The IT tasks that CIOs and IT managers outsource most often abroad still are related to applications, such as application design, development and maintenance, but other areas are also part of the overseas outsourcing trend, such as business process outsourcing and IT infrastructure management, according to Dataquest.
Offshore outsourcing refers to IT services a client receives from resources – labour, infrastructure or capital – that are located abroad, said Debashish Sinha, a principal analyst at Dataquest.
Although offshore outsourcing has been around for about 12 years, it is now becoming a mainstream IT services option, because there is now a critical mass of providers that have increased services quality, reduced the complexity of offshore engagements and managed to mitigated its risks, Sinha said.

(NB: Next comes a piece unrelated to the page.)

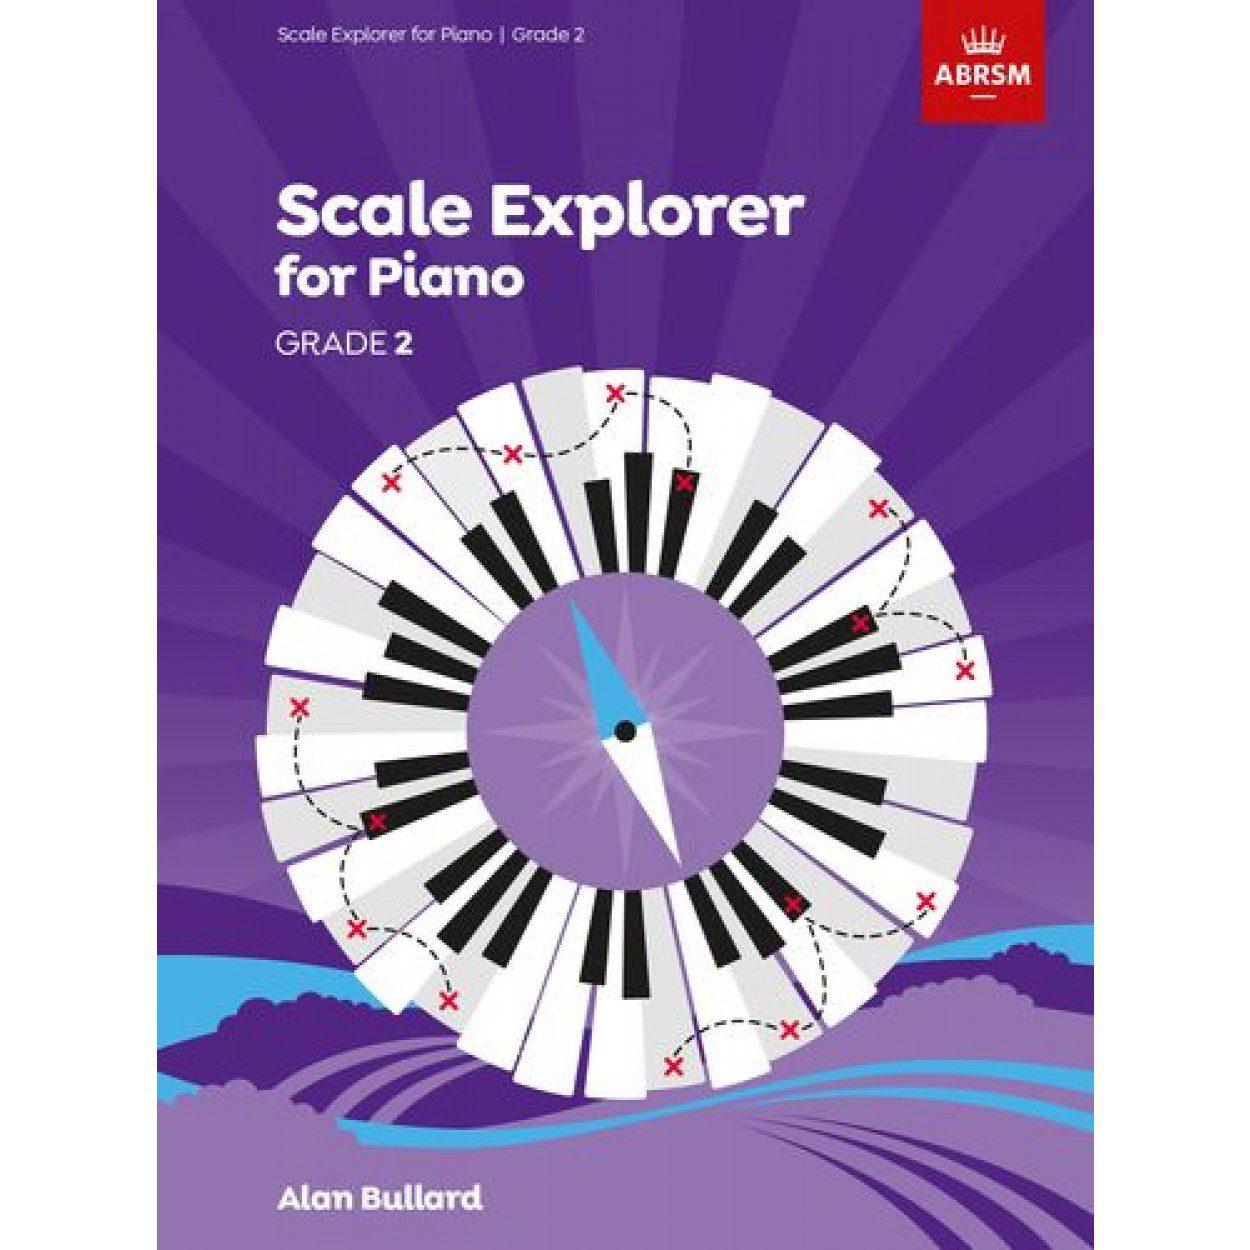 Scale Explorer for Piano Grade 2 available at Penarth Music Centre

“This has made the offshore services model more effective over the past three or four years, to the point where now it’s reaching the mainstream,” he said.
A big draw of offshore outsourcing in these times of economic uncertainty is its lower costs, which come mostly from the use of less expensive labour, Sinha said. But CIOs and IT managers are realizing they can benefit greatly from the bigger pool of qualified workers they encounter when they look outside their countries’ borders, Sinha said. A bigger pool increases the quality and quantity of workers available to CIOs and IT managers, Sinha said.
The U.S. is the largest, but by no means the only, receiver of offshore outsourcing services, and India is the largest provider, Sinha said.